Add a way to get a language given an alias

highlightjs / highlight.js

JavaScript syntax highlighter with language auto-detection and zero dependencies.

https://highlightjs.org/

BSD 3-Clause "New" or "Revised" License

23.31k stars 3.52k forks source link

Add a way to get a language given an alias #3938

Closed nmangold closed 3 months ago

nmangold commented 6 months ago

Is your request related to a specific problem you're having? I am using CKEditor 5, which allows code blocks in languages such as HTML. An HTML code block will produce the class language-html. When importing the language to be highlighted, html.min.js does not exist. To highlight an HTML code block, the user would be required to select an XML code block instead. Unless, the application maintains a mapping of aliases and languages.

The solution you'd prefer / feature you'd like to see added... A method that when given an alias, returns the appropriate language.

joshgoebel commented 6 months ago

highlight(code, {language: "html"}) (or the dynamic equivalent) should work fine if XML is already registered - you only need to know the alias... or are you saying you're trying to start with nothing and load grammars on the fly?

nmangold commented 6 months ago

Start with nothing, and load grammars on the fly.

joshgoebel commented 6 months ago

I don't think this makes sense in the core no-grammars highlight.js library file - since that core includes no grammars - and when you build with bundled grammars this information is already available to query. It could make sense to add as some sort of separate grammars.json index file though (that could ship with our node and CDN packaging).

This isn't 100% trivial though since the aliases aren't available statically [at build-time] - you'd need to build then execute the built grammars to learn their aliases. That might not be so bad though with dynamic imports, I'm not sure.

Are you interested in working on a PR that might build such an index file?

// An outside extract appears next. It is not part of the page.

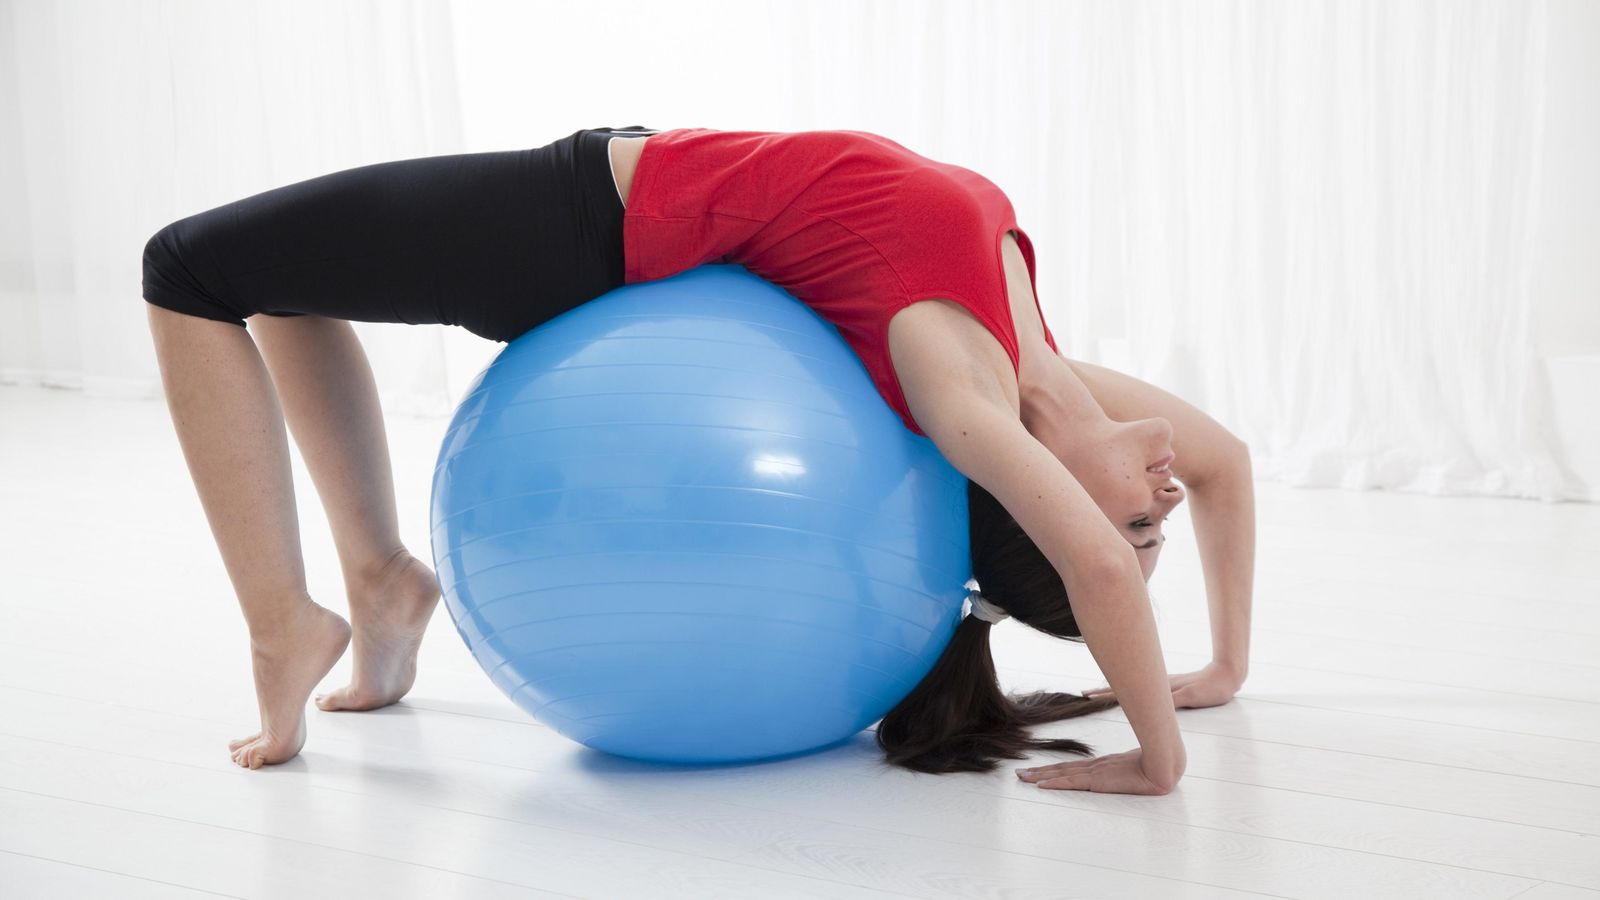 Foto: Aprende a practicar ejercicios que ayudarán a fortalecer tu musculatura. (Corbis)

nmangold commented 6 months ago

I am not very familiar with this project yet, and I do not know the first place to start. I was hoping there was already a way to do such a lookup, and I just couldn't find the documentation.

The approach I am using is to load the no-grammars library file, and then only the grammars that are needed via the CDN. I assume the solution you're suggesting to include the mapping file in the CDN is the only way I will be able to do that. Is there a better approach I could be taking?

Otherwise, I could make an attempt at a PR. It sounds like I would need to build each grammar, extract the aliases, and build the file? Sorry if this doesn't make sense. I am still very confused myself.

joshgoebel commented 6 months ago

... sounds like I would need to build each grammar

The build system does this already.

extract the aliases, and build the file?

Yep. But extraction requires executing each grammar since they are code, not raw data...

joshgoebel commented 3 months ago

It seems either we need to run the grammars at built time (which seems icky), or make the aliases static meta-data in the comment header... but that would break the API (removing aliases from the runtime grammars) or require us to duplicate the alias data both dynamically and statically - also icky.

I don't think this is as trivial as it seems and also seems like an edge case. Are you interested in doing the work on this yourself - and accepting it might end up as a 3rd plugin plugin if I feel the complexity is too high? Otherwise I'll probably close this as a #wontfix for now.